(What you will do)
Write out every line exactly, from the start of the records below to the line with "pegacssa74v1 exam is", and stop there. Don't write out the pictures.

Records contained in a dataset:

-------

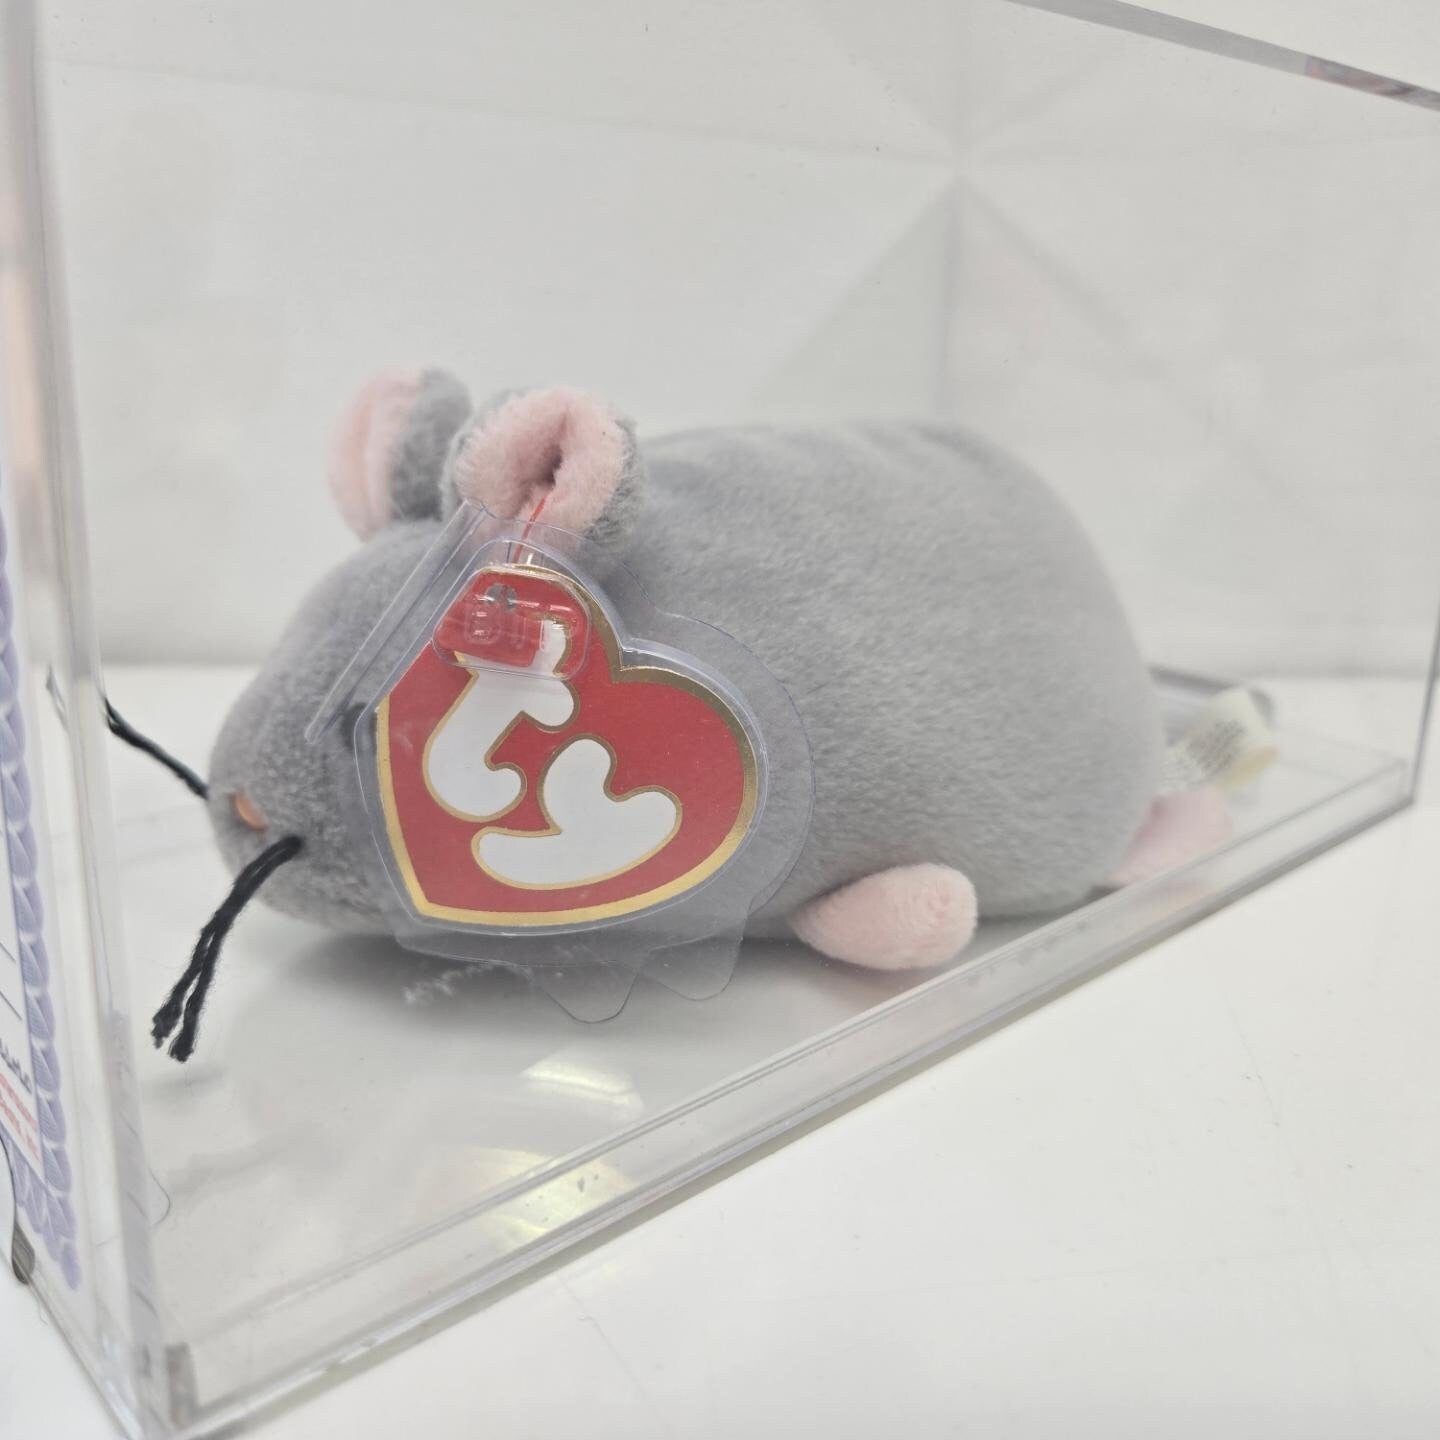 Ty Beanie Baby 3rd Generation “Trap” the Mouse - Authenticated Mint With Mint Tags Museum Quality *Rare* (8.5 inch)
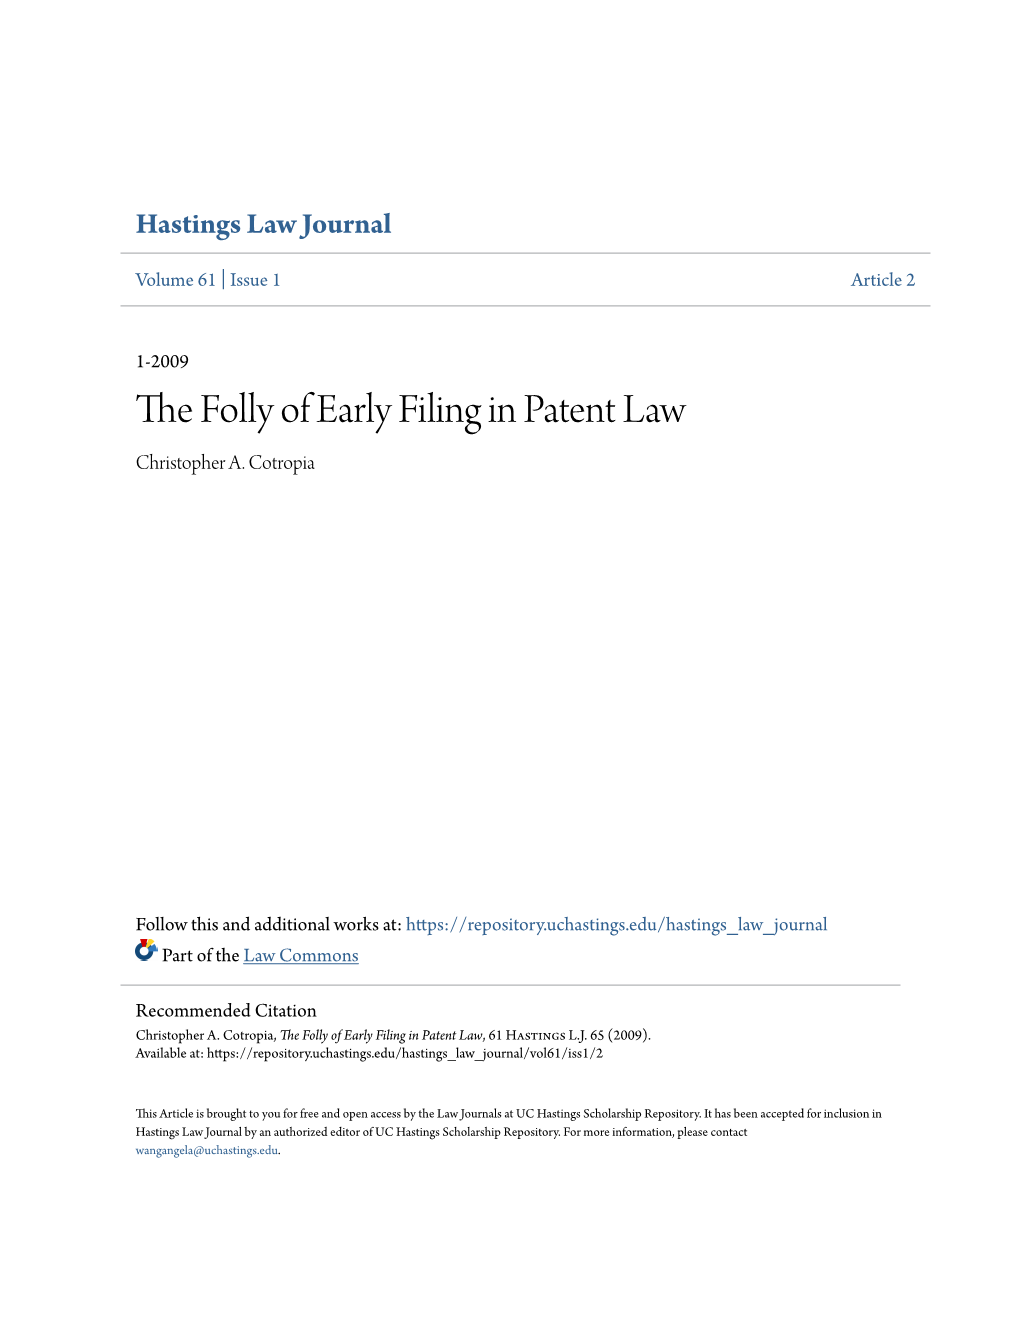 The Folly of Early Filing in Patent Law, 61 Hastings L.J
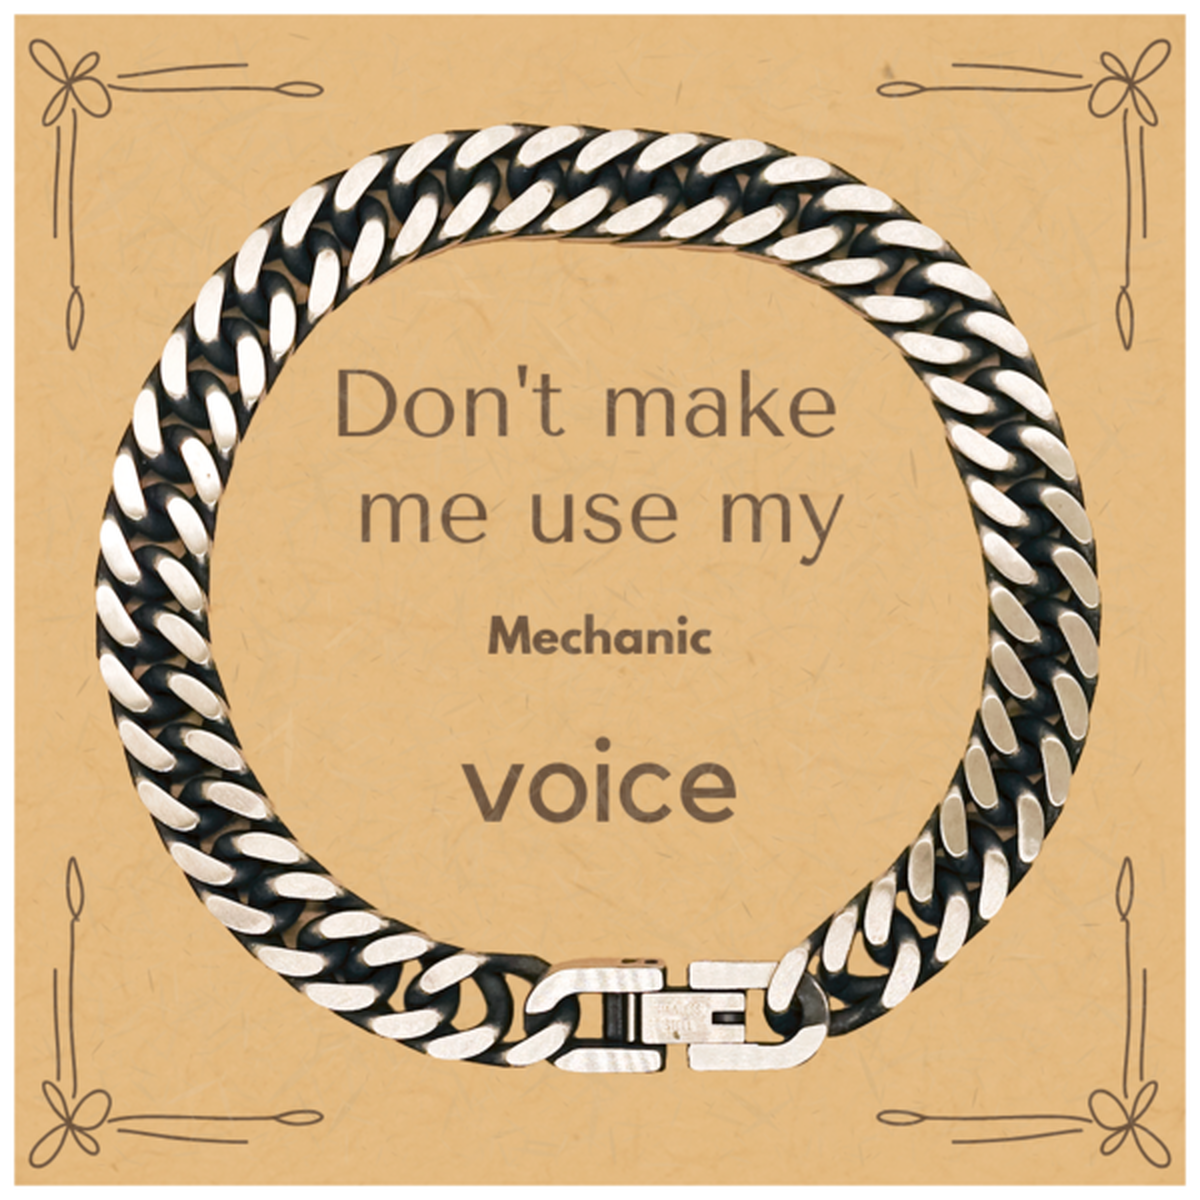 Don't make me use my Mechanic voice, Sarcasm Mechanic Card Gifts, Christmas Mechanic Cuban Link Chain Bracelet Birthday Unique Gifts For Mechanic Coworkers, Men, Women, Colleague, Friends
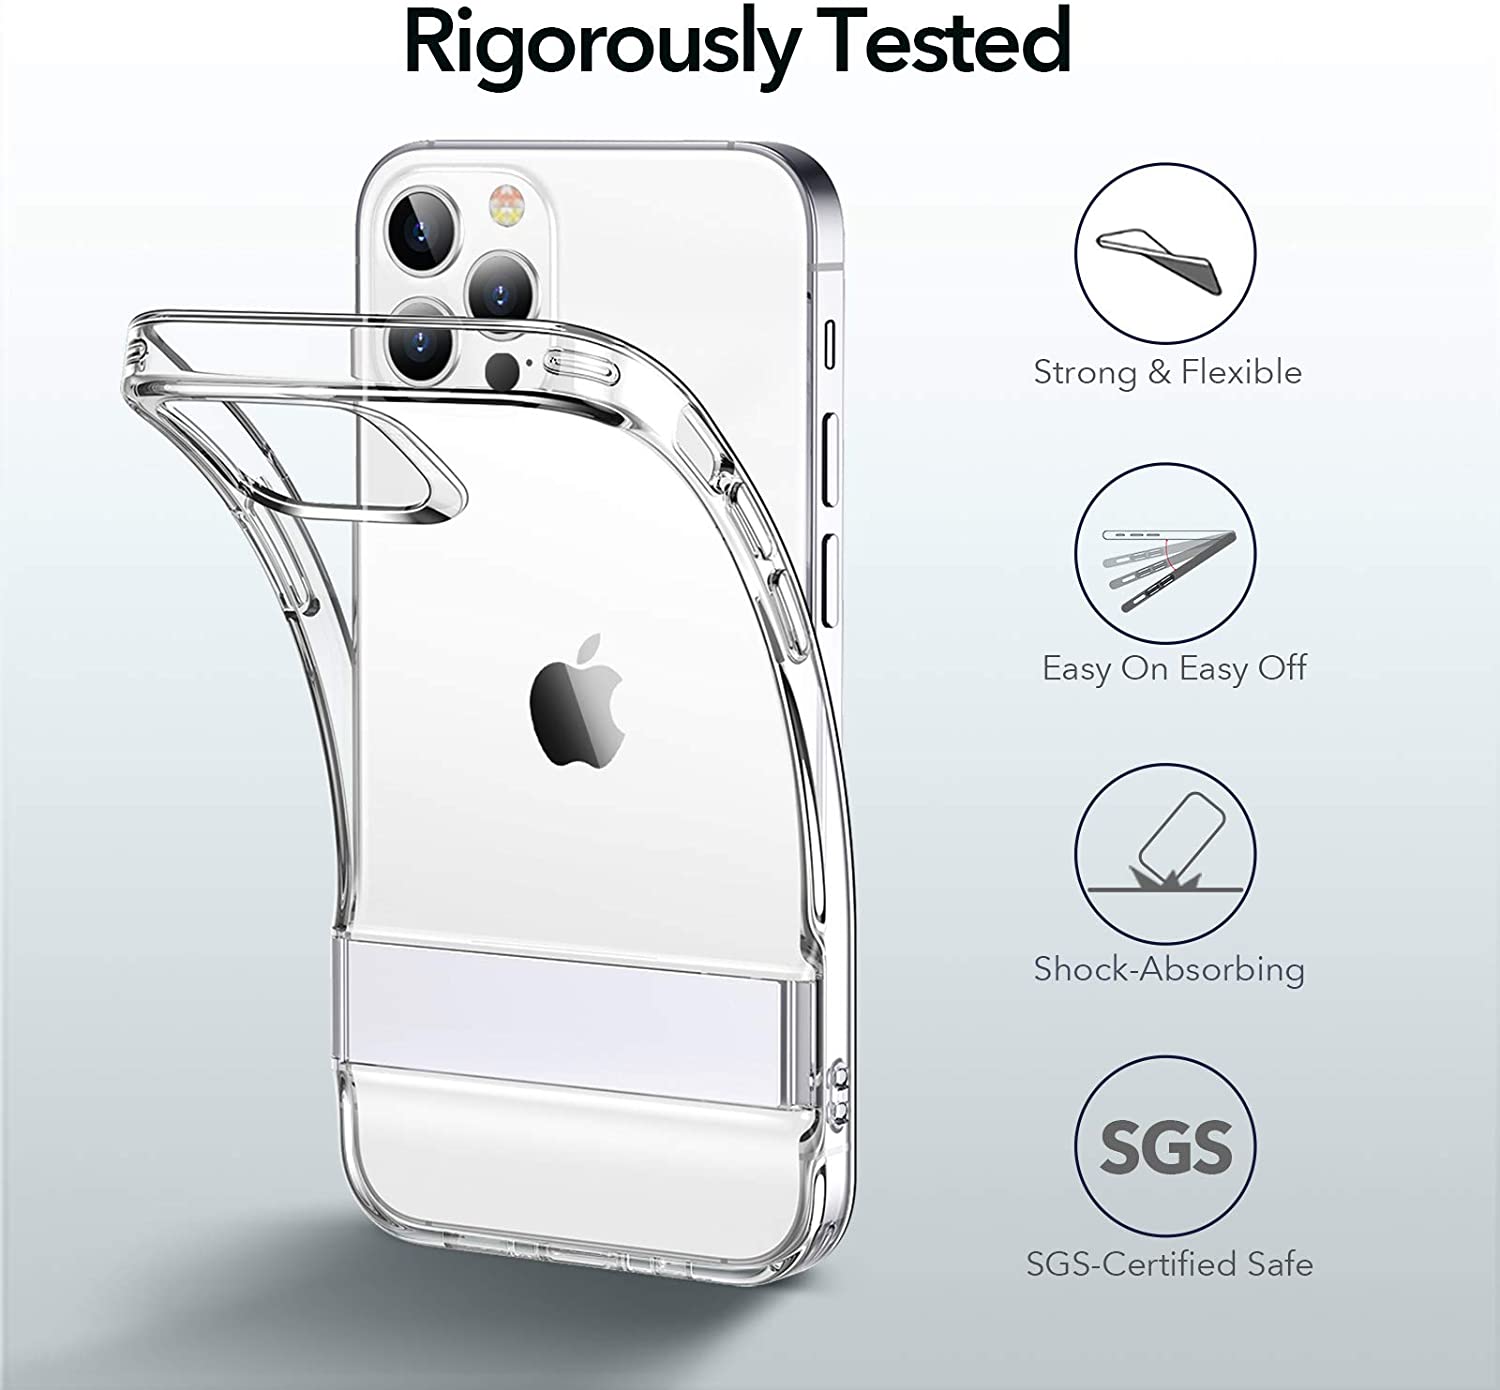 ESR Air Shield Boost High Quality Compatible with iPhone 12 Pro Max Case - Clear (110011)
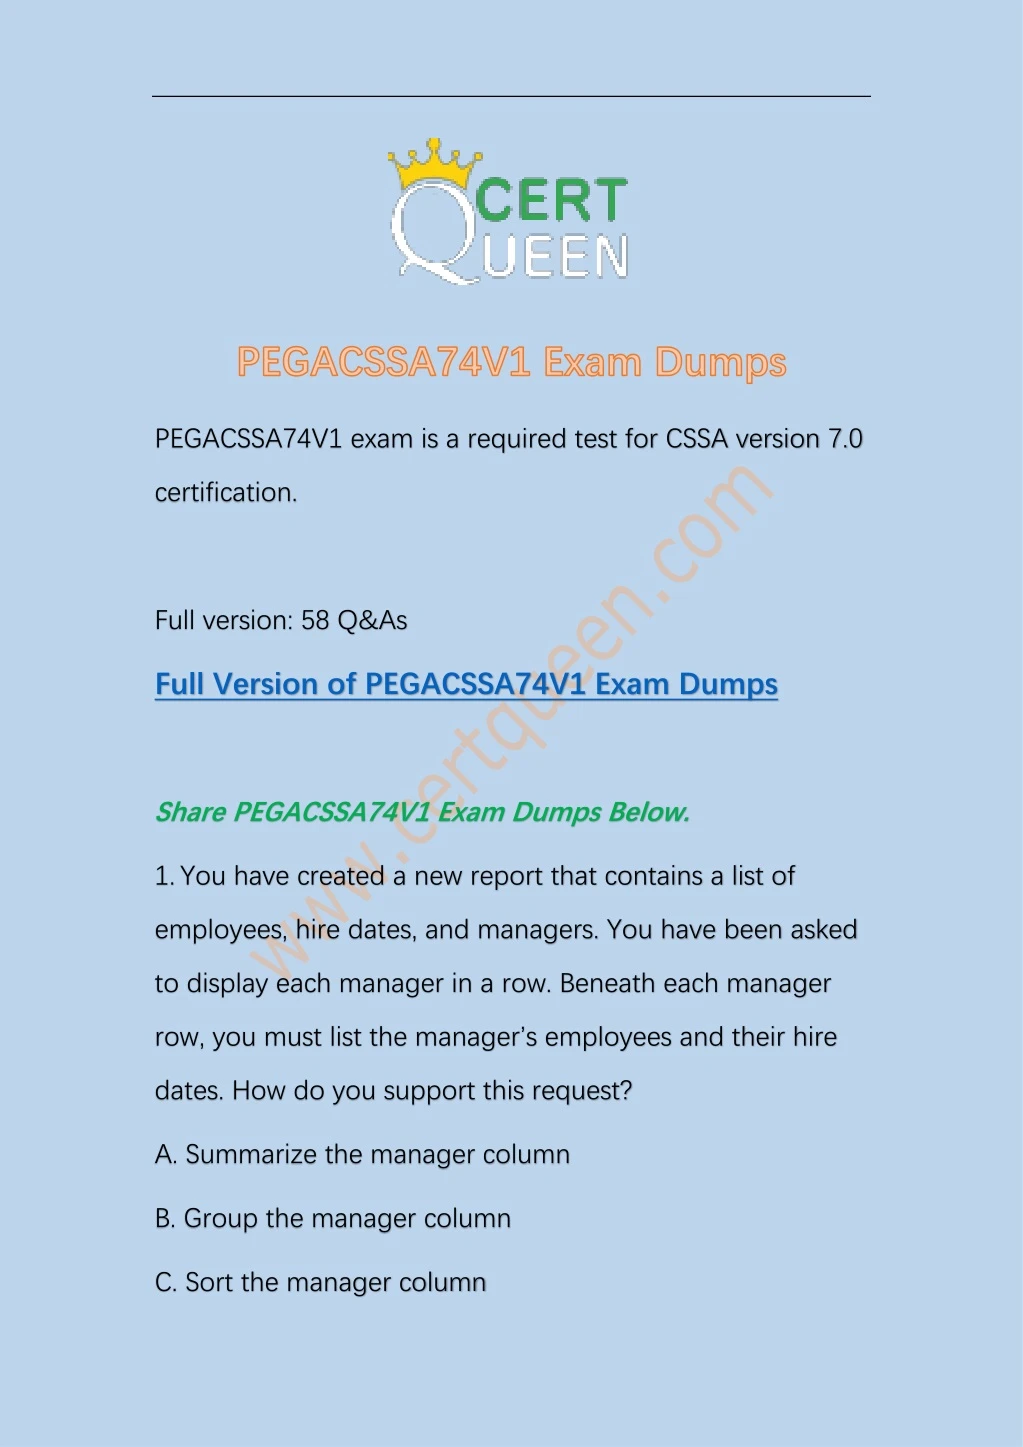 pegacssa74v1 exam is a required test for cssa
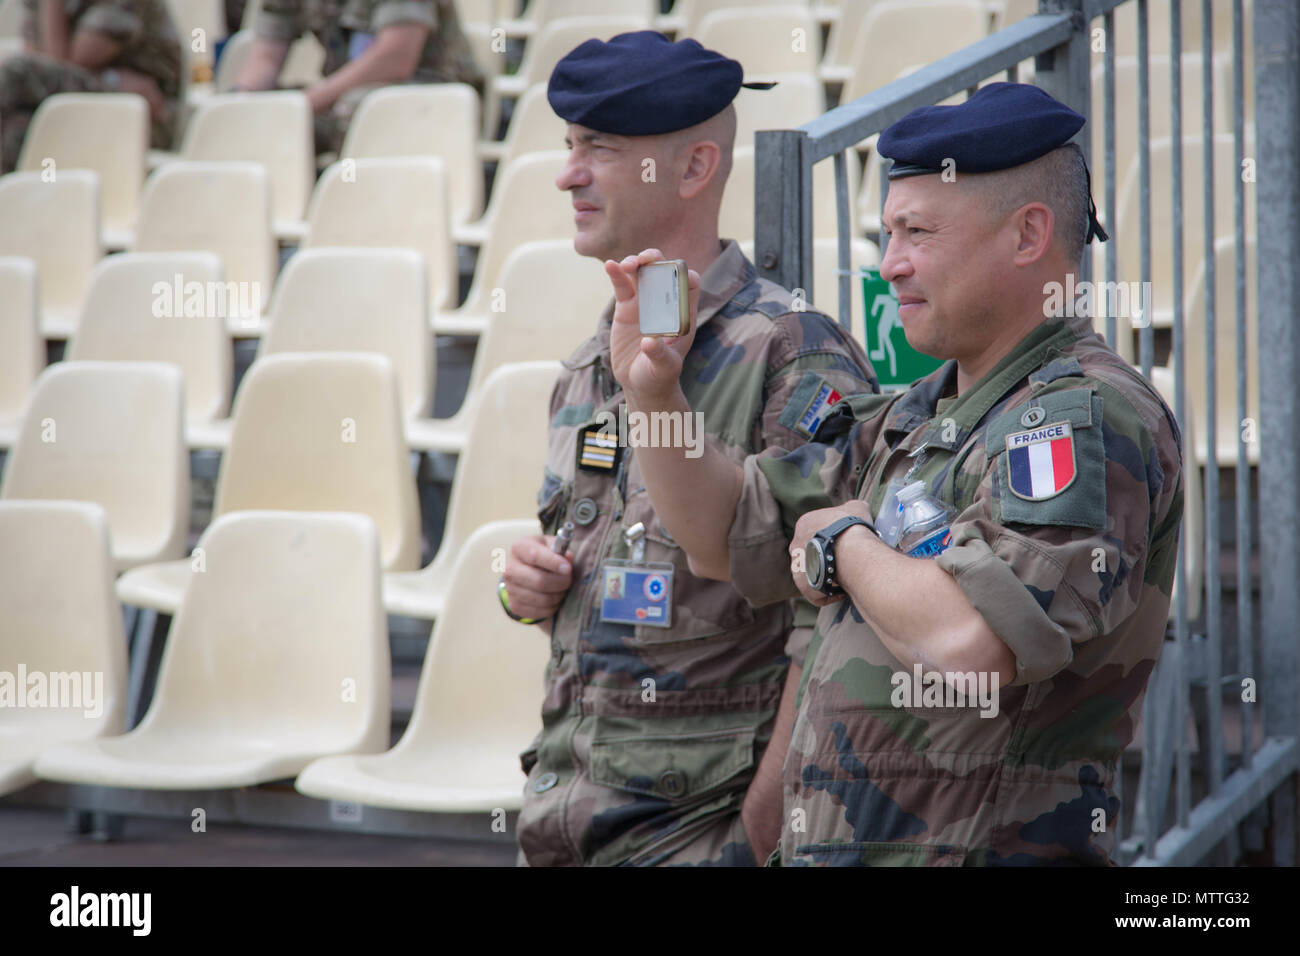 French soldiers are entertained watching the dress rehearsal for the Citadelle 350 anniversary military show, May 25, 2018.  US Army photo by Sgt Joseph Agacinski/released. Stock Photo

-------

(Reply to the exercise)
 Ty Beanie Baby 3rd Generation “Trap” the Mouse - Authenticated Mint With Mint Tags Museum Quality *Rare* (8.5 inch)
 The Folly of Early Filing in Patent Law, 61 Hastings L.J
 Don't make me use my Mechanic voice, Sarcasm Mechanic Card Gifts, Christmas Mechanic Cuban Link Chain Bracelet Birthday Unique Gifts For Mechanic Coworkers, Men, Women, Colleague, Friends
 ESR Air Shield Boost High Quality Compatible with iPhone 12 Pro Max Case - Clear (110011)
 pegacssa74v1 exam is a required test for cssa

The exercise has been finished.